Linux内核监控与攻防应用笔记

这篇文章主要参考了Linux 内核监控在 Android 攻防中的应用，自用笔记

Kernel Tracing System 101²¶

之前听说过很多内核中的监控方案，包括 strace，ltrace，kprobes，jprobes、uprobe、eBPF、tracefs、systemtab 等等，到底他们之间的的关系是什么，分别都有什么用呢。以及他们后续能否被用来作为攻防的输入。根据这篇文章¹中的介绍，我们可以将其分为三个部分：

数据源: 根据监控数据的来源划分，包括探针和断点两类
采集机制: 根据内核提供给用户态的原始事件回调接口进行划分
前端: 获取和解析监控事件数据的用户工具

在开始介绍之前，先来看看我们能在内核监控到什么？

系统调用
Linux 内核函数调用（例如，TCP 堆栈中的哪些函数正在被调用？
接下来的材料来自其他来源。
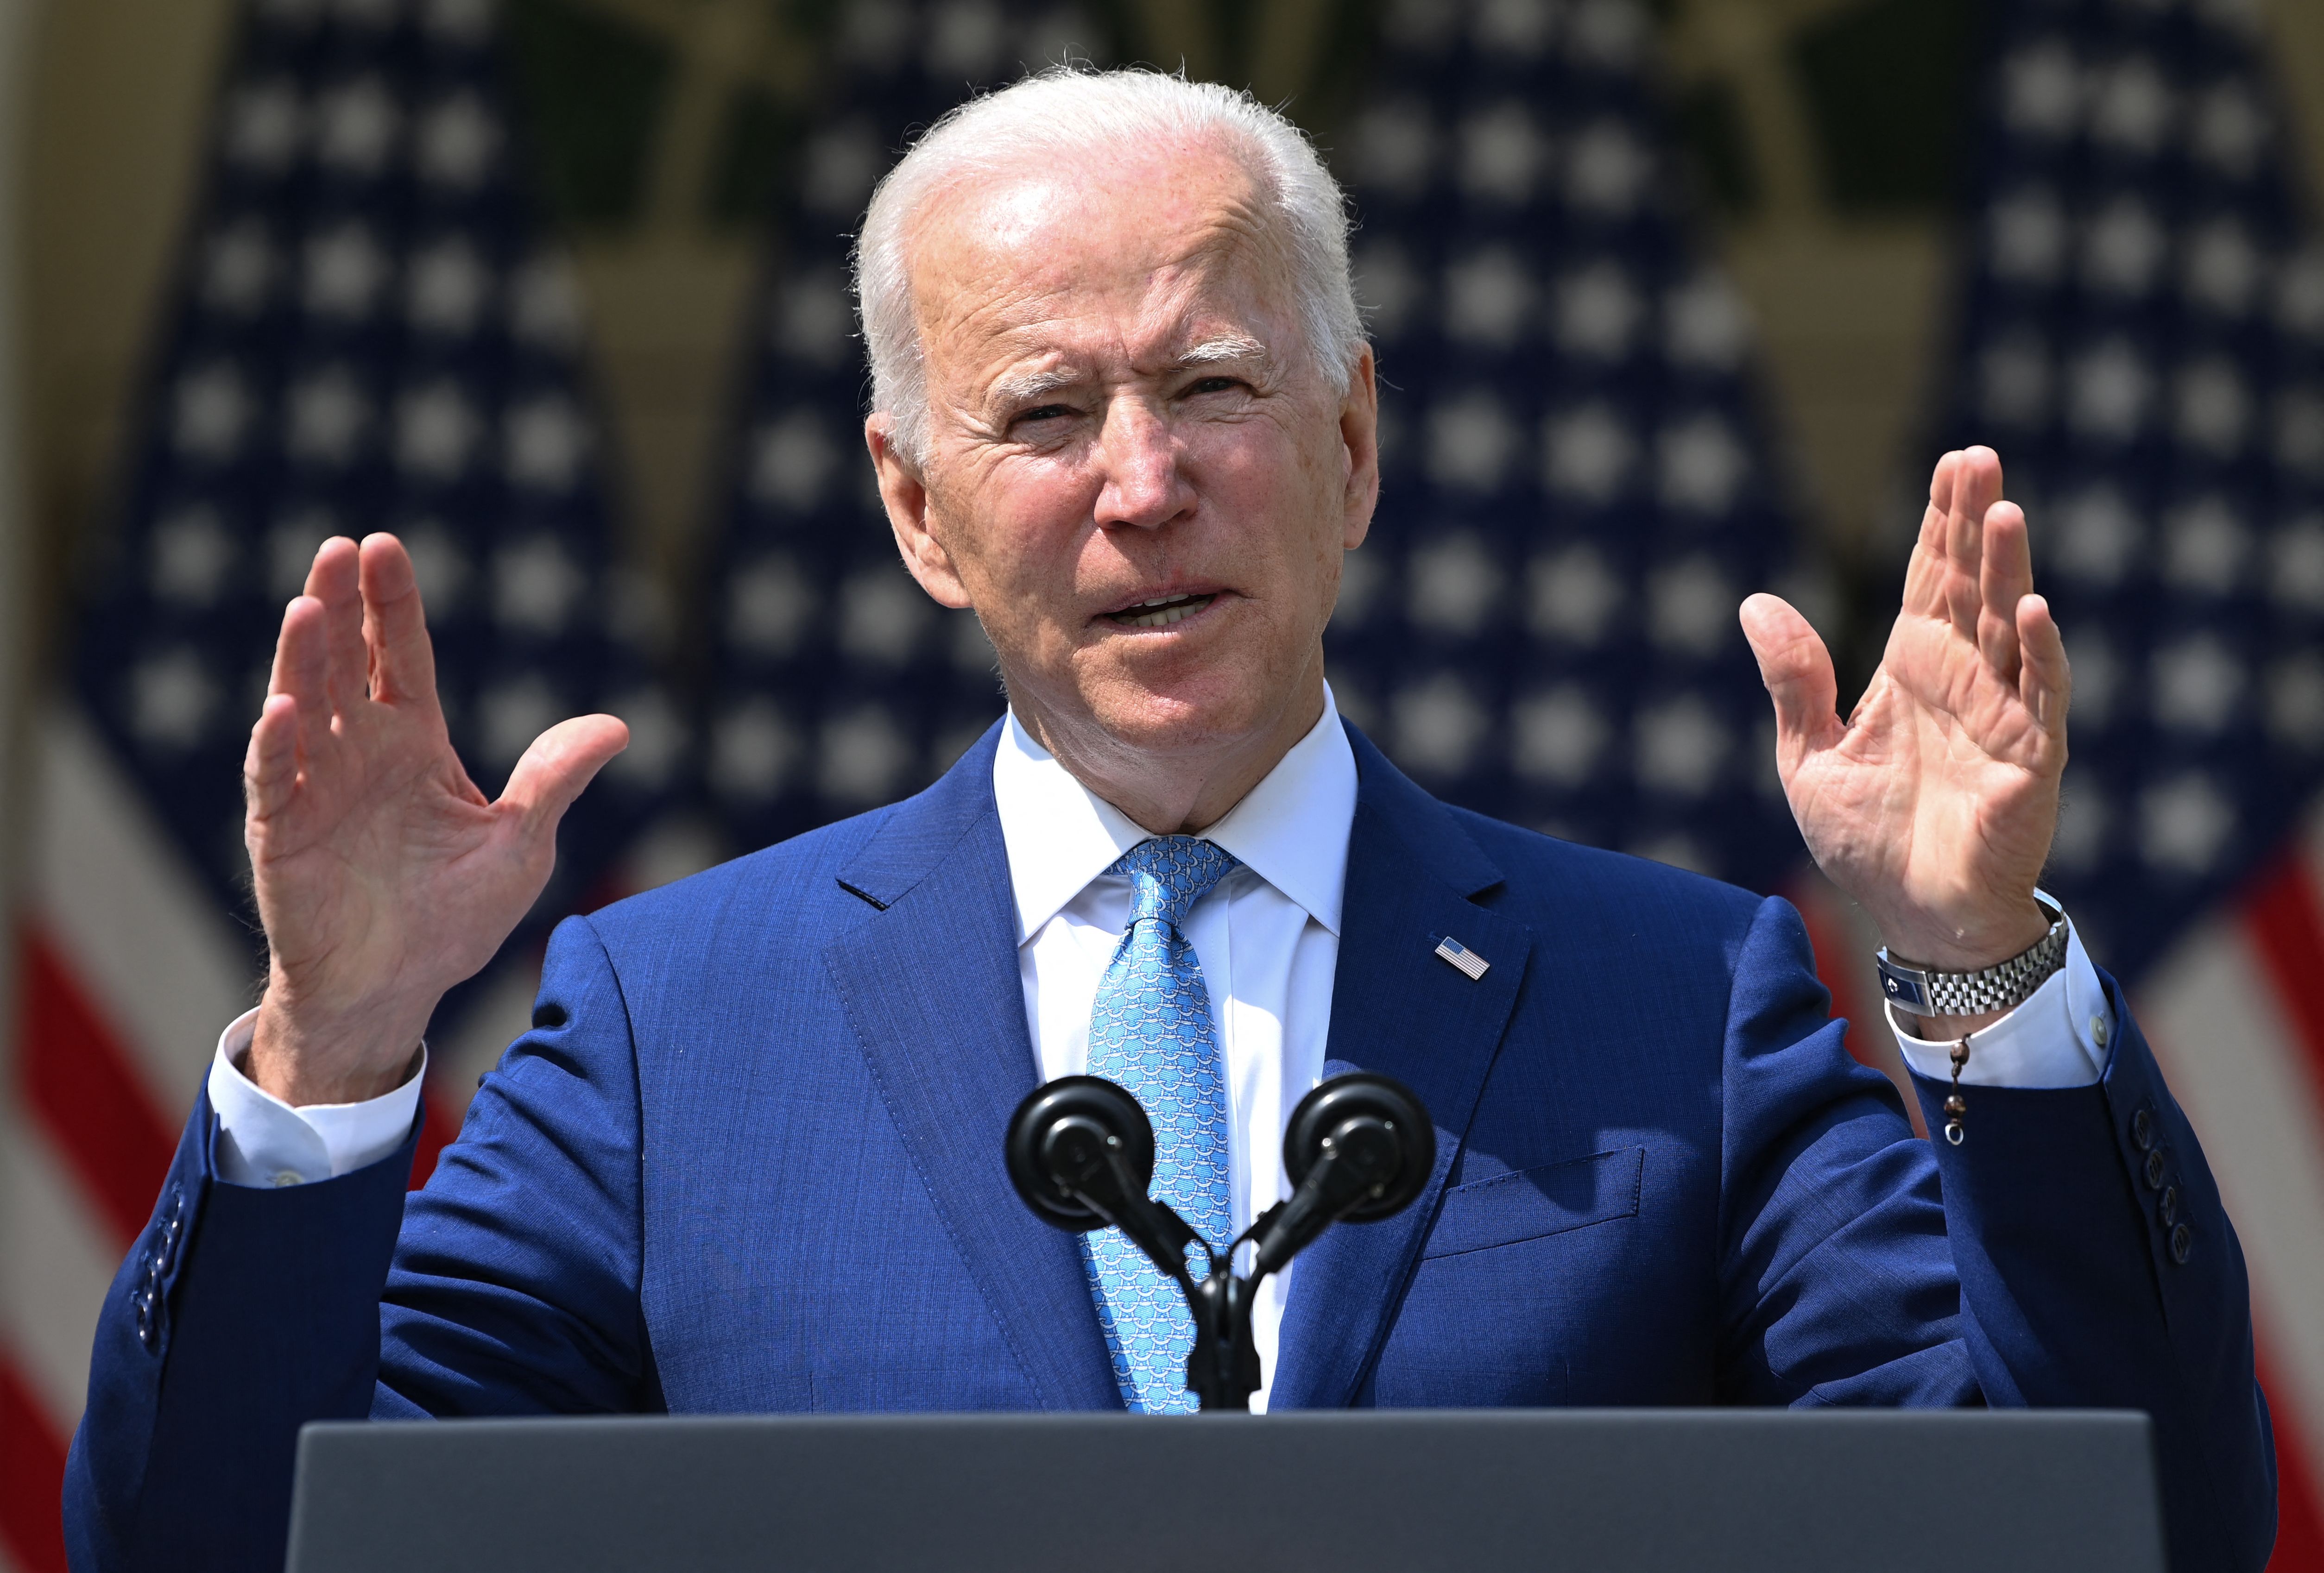 President Joe Biden speaks about gun violence prevention in the Rose Garden of the White House in Washington on April 8.

）
用户空间函数调用（malloc 是否被调用？）
用户空间或内核中的自定义“事件”

以上这些都是可能实现的，但是事实上追踪这些也是非常复杂的，下面就来一一进行说明。

Data source：KProbes³⁴¶

KProbes 是 Linux 内核的一种调试机制，也可用于监视生产系统内的事件。简单来说，KProbes 可以实现动态内核的注入，基于中断的方法在任意指令中插入追踪代码，并且通过 pre_handler（探测前执行）/post_handler（探测后执行）/fault_handler 去接收回调。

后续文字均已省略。